C'est une rencontre hautement importante qui s'est tenue, dimanche 9 juillet, à Asmara.
"Nous nous sommes mis d'accord pour la reprise du trafic aérien et naval, pour la circulation des personnes entre nos deux pays et la réouverture des ambassades", a déclaré Abiy Ahmed, à l'issue de discussions avec le président Issaias Afwerki.
L'avancée diplomatique était attendue mais a pris les observateurs de court : "Personne ne s'attendait à une rencontre au sommet aussi tôt. Les rumeurs ont commencé à circuler samedi sur les réseaux sociaux. Sur Twitter, la photo d'une banderole dans la capitale érythréenne sur laquelle était inscrite "bienvenue cher frère Abiy Ahmed" a alerté les observateurs.

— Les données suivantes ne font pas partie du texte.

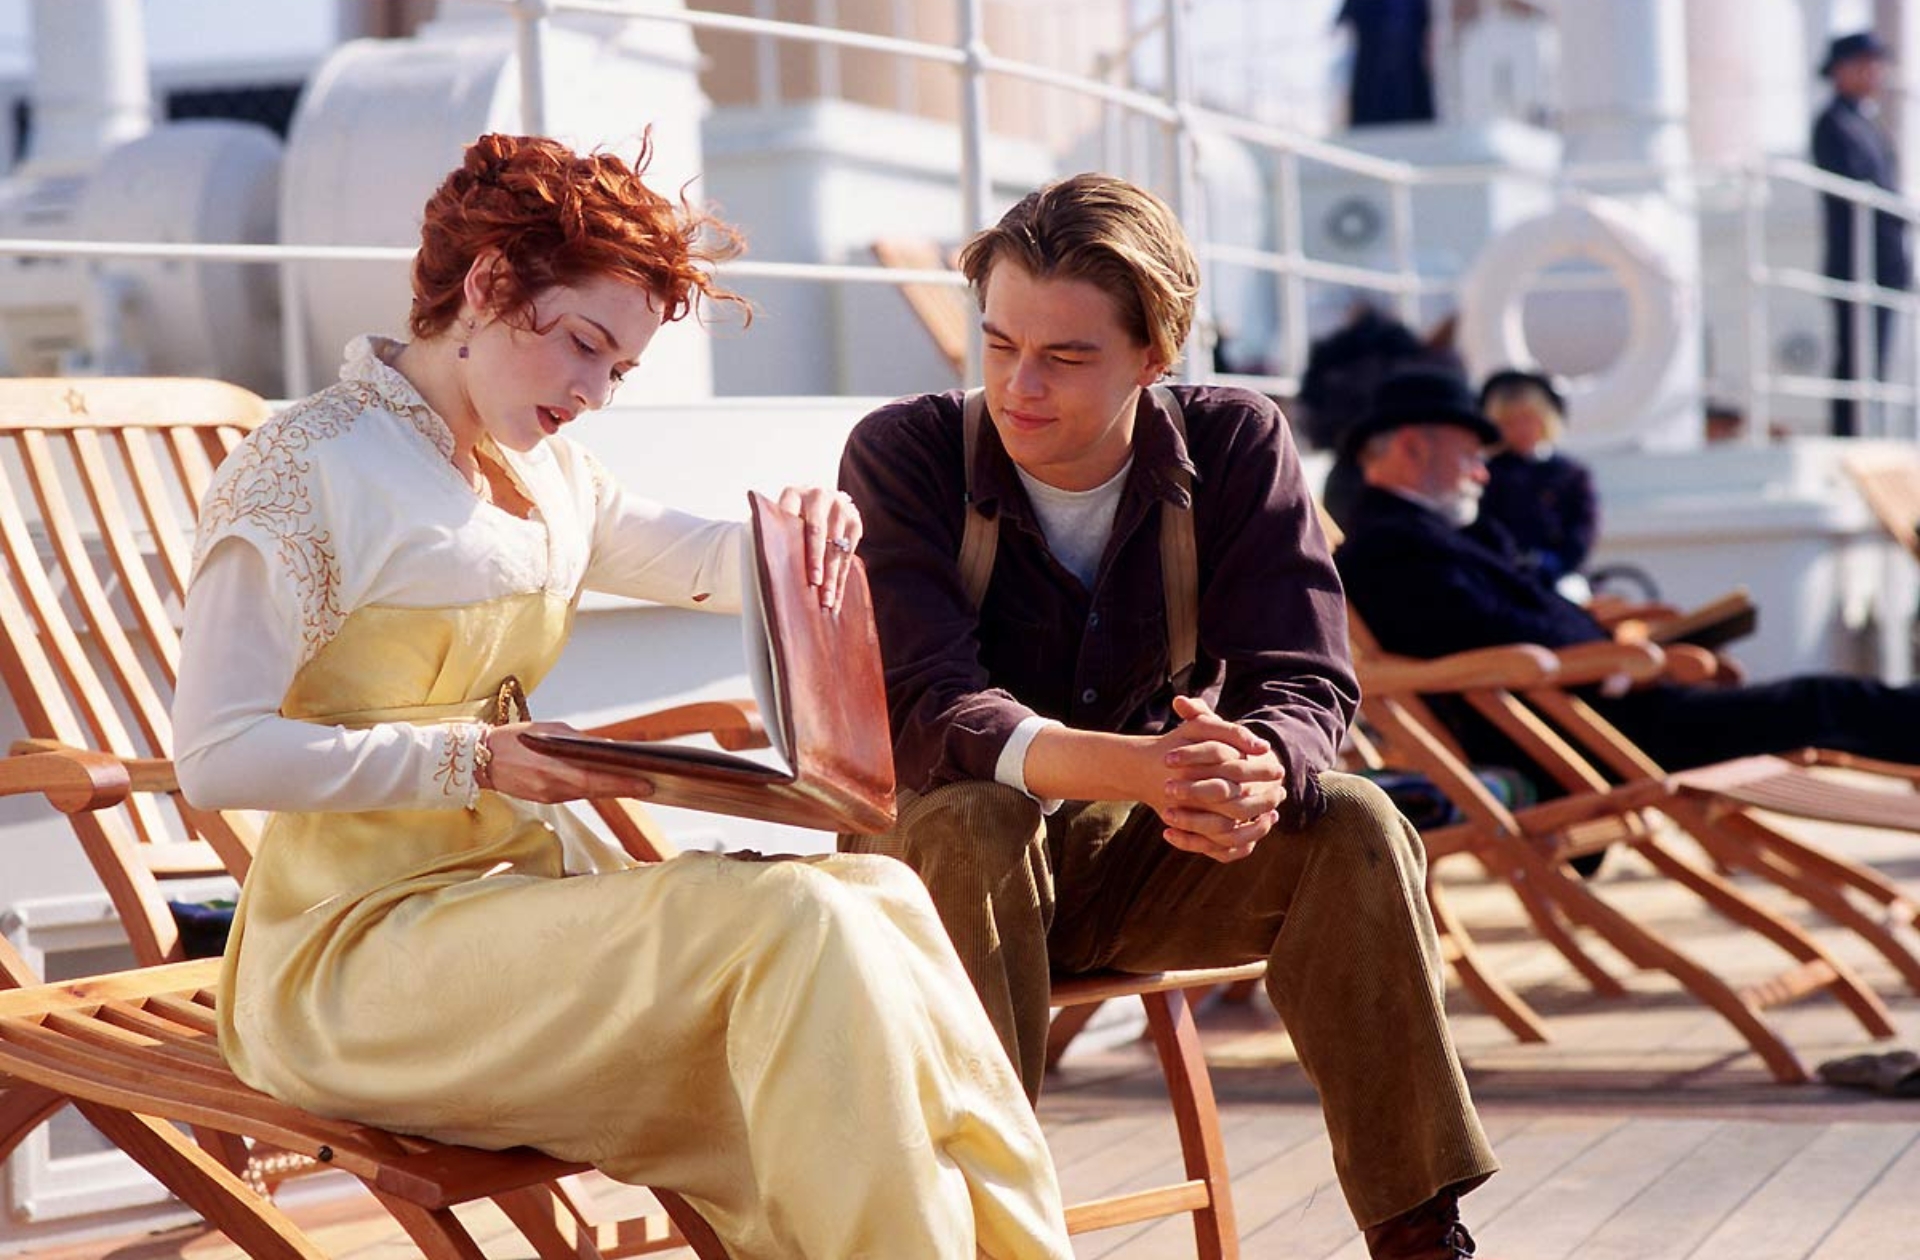 Cet objet iconique du film Titanic a été vendu pour 660 000 dollars aux enchères

Une nouvelle confirmée ce matin lorsque le premier ministre éthiopien a atteri à Asmara. Si de nombreux Éthiopiens ont appris la nouvelle au réveil, de l'autre côté de la frontière c'était l'effervescence : des milliers d'Érythréens étaient présents dans les rues de la capitale pour accueillir le convoi d'Abiy Ahmed." raconte notre correspondante en Éthiopie Emeline Wuilbercq.

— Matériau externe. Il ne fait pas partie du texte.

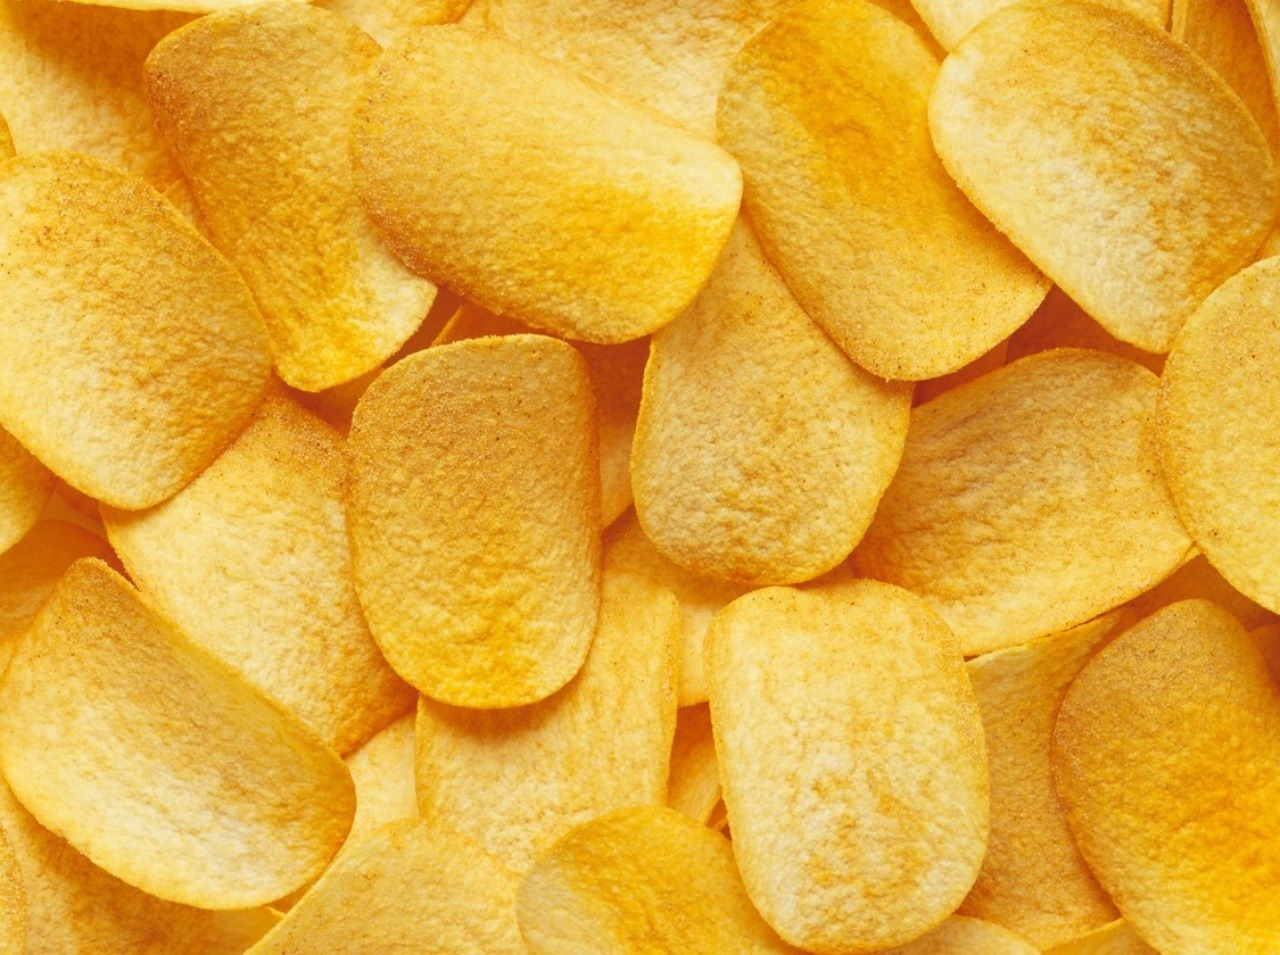 Pozor na nadmernú konzumáciu zemiakových lupienkov, obsahujú veľa tuku a kalórií.

Les dirigeants des deux pays se prenant chaleureusement dans les bras à l'aéroport d'Asmara : une image encore inimaginable il y a quelques semaines. Car le conflit a des racines profondes : en 1961, le Front de libération de l'Érythrée lance une guerre d'indépendance qui durera 30 ans et débouchera sur la reconnaissance de l'État érythréen en 1993.

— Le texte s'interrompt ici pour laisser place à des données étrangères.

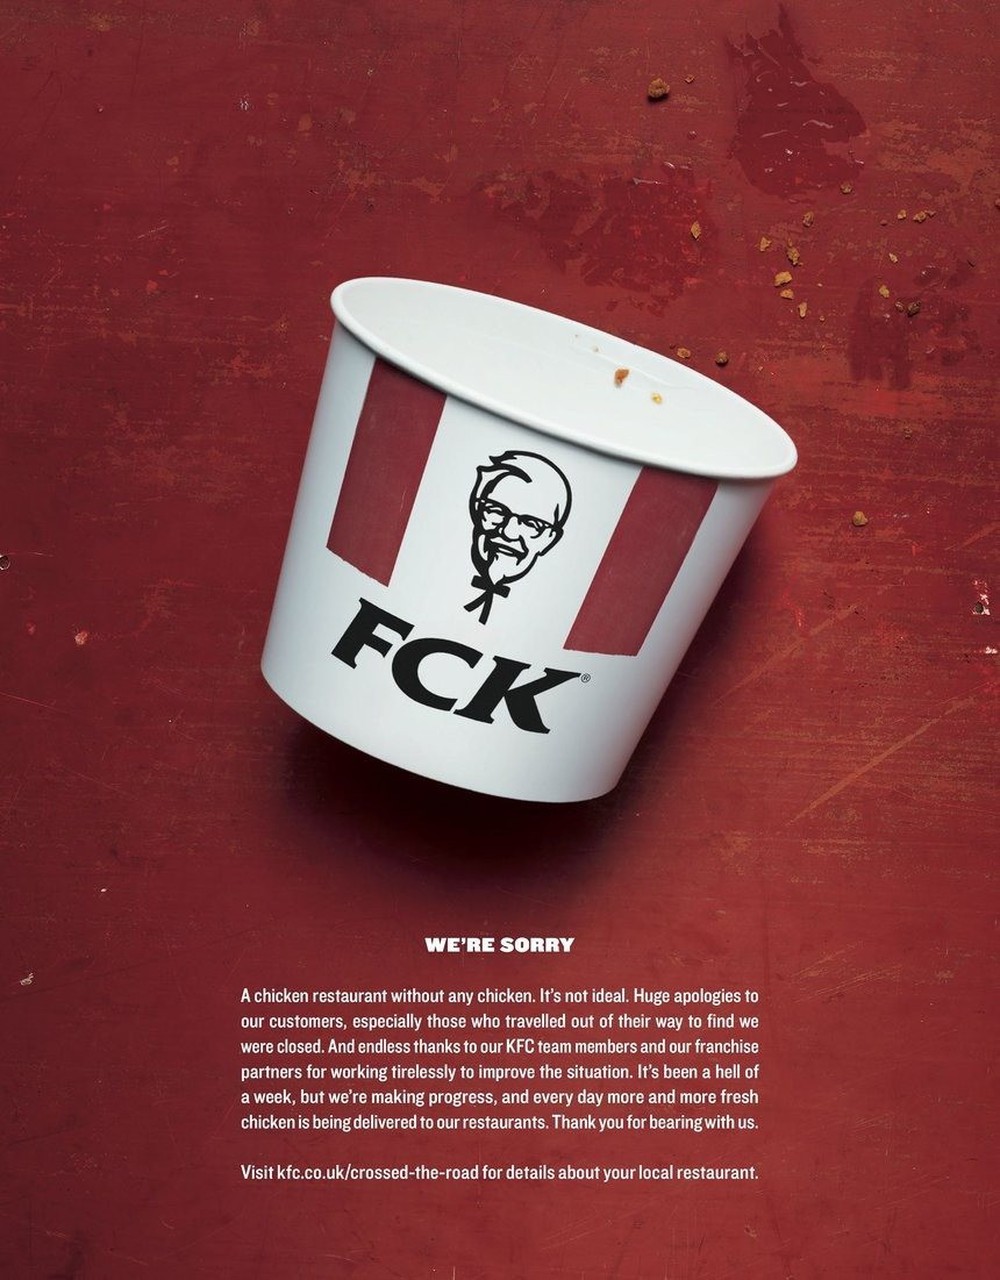  Quán gà không bán gà: Cuộc xử lý khủng hoảng đầy ngoạn mục của KFC khi tự biến tên thương hiệu thành niềm vui cho khách hàng - Ảnh 3.

Avec cette indépendance, l'Ethiopie perd ainsi sa seule façade maritime. Les tensions restent vives entre les deux voisins, jusqu'à ce qu'éclate un nouveau litige, frontalier, en 1998. Il se cristallisera autour de la localité de Badme : avant que l'accord de paix d'Alger n'intervienne deux ans plus tard, les combats auront déjà fait quelque 80.000 morts. En 2002, une commission de l'ONU définit un nouveau tracé de la frontière et place Badme sous le giron d'Asmara. L'Éthiopie refuse et occupe les lieux, encore aujourd'hui.
Addis Abbeba s'est engagé à appliquer cet accord d'Alger le 6 juin dernier. Mais avec ce réchauffement diplomatique, viennent également des questions, notamment celle de la démilitarisation de la zone frontière qu'il faudra désormais trancher.